A good approach to enrich your queries at Watson Explorer its use Ontolections. A ontolection provides a set of related terms that are specific to the domain of an application or enterprise, and identifies the relationships between them. Basically, Wex Engine query the ontolection with the query terms, then, add this terms to the final query, and then, query your original collection.

For example: lets suppose that you have a synonym configured as: ALM → Application Lyfecycle Management. If user search for ALM, WEX engine will search also for Application Lyfecycle Management.

A ontolection can have also more than synonyms, we can have related terms, rewrite, spelling, etc. I recommend start with synonyms, then, improve your ontolection.

The first step to start playing with ontolections is create a Thesaurus file. This file will be used to create the ontolection. You can generate a thesaurus from several ways. The most common is create your own XML file manually, but, you can use something called Ontolection Trainer (Ill show how to use in the next posts).

For my example, I have created the following ontolection, it is called practitioner2.xml:

<?xml version="1.0" encoding="utf-8" ?>
<thesaurus name="practitioner1" language="english" domain="general">
<word name=".NET">
<synonym>.Net development</synonym>
<synonym>.Net<span style="font-family: Droid Sans Fallback;"><span style="font-size: small;"><span lang="zh-CN">開発</span></span></span></synonym>
<synonym>.NET<span style="font-family: Droid Sans Fallback;"><span style="font-size: small;"><span lang="zh-CN">開発</span></span></span></synonym>
</word>
<word name="Virtual Private Network">
<synonym>VPN</synonym>
<synonym><span style="font-family: Droid Sans Fallback;"><span style="font-size: small;"><span lang="zh-CN">バーチャル プライベート ネットワーク</span></span></span></synonym>
</word>
<word name="DNS">
<synonym>Domain Name Service</synonym>
<synonym><span style="font-family: Droid Sans Fallback;"><span style="font-size: small;"><span lang="zh-CN">ドメインネーム・サービス</span></span></span></synonym>
<synonym><span style="font-family: Droid Sans Fallback;"><span style="font-size: small;"><span lang="zh-CN">ドメインネームサービス</span></span></span></synonym>
</word>
</thesaurus>

Using this as an example, if user search for DNS, Ill also search for Domain Name Services.

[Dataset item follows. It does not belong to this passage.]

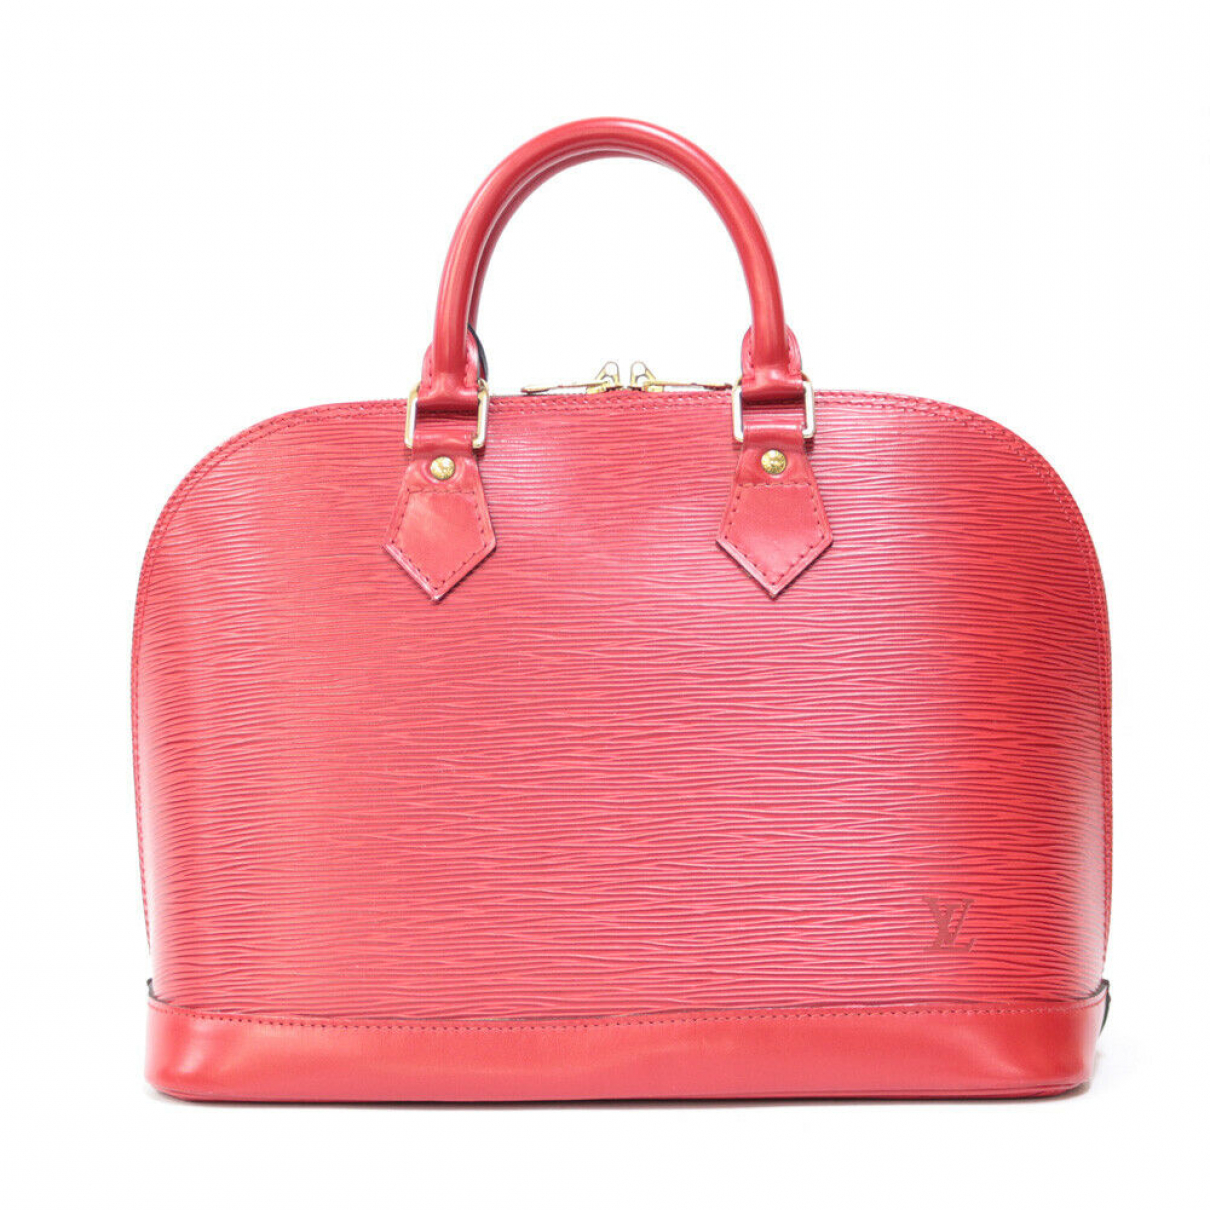 Louis Vuitton N Red Leather handbag for Women N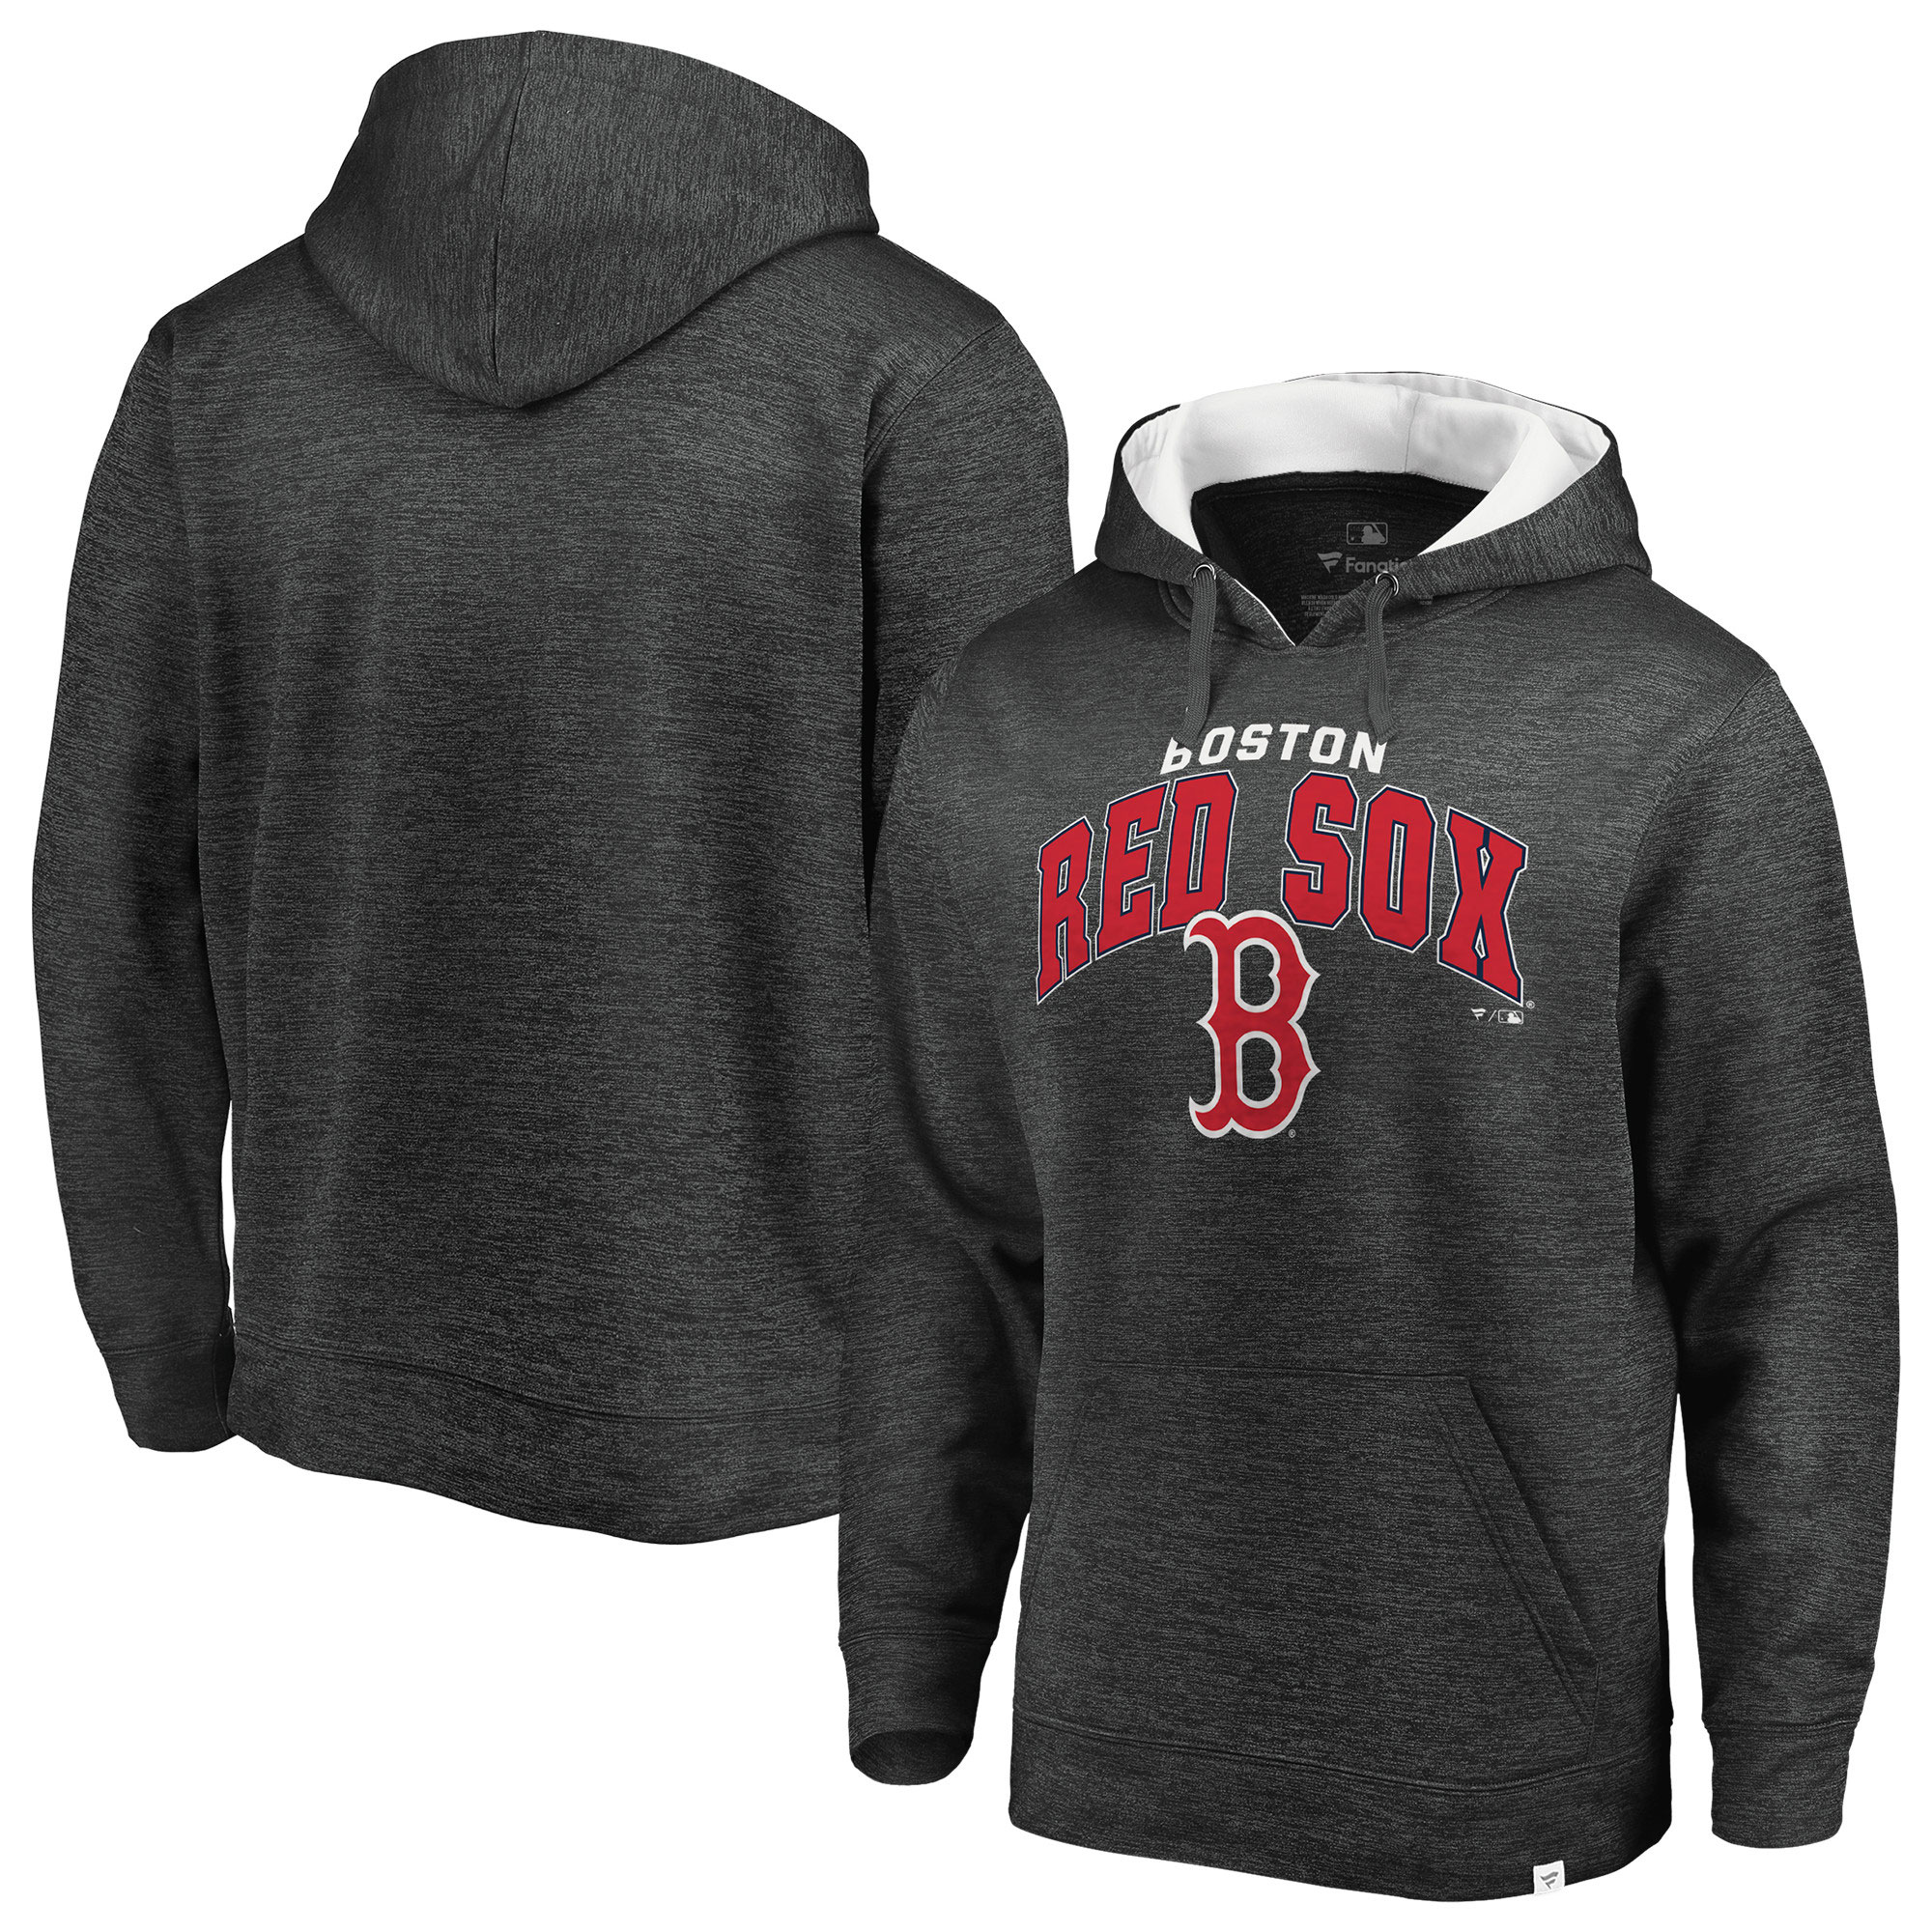 Boston Red Sox Fanatics Branded Steady Fleece Pullover Hoodie - Gray/White

After create your thesaurus file, you need to create a new collection at your WEX Server. Select generic-ontolection at Copy defaults from:

Then, add a new seed, pointing to the thesaurus file, in my case, I select FILES and add /opt/IBM/dataexplorer/WEX-11_0_1/Engine/nlq/practitioner2.xml

Go to collection overview → Configuration → Converting, click edit and set the values as:

Finally, go to Overview and Click Start at Live Status (you can also test before start). You will see Craw and Index running, and Documents being added.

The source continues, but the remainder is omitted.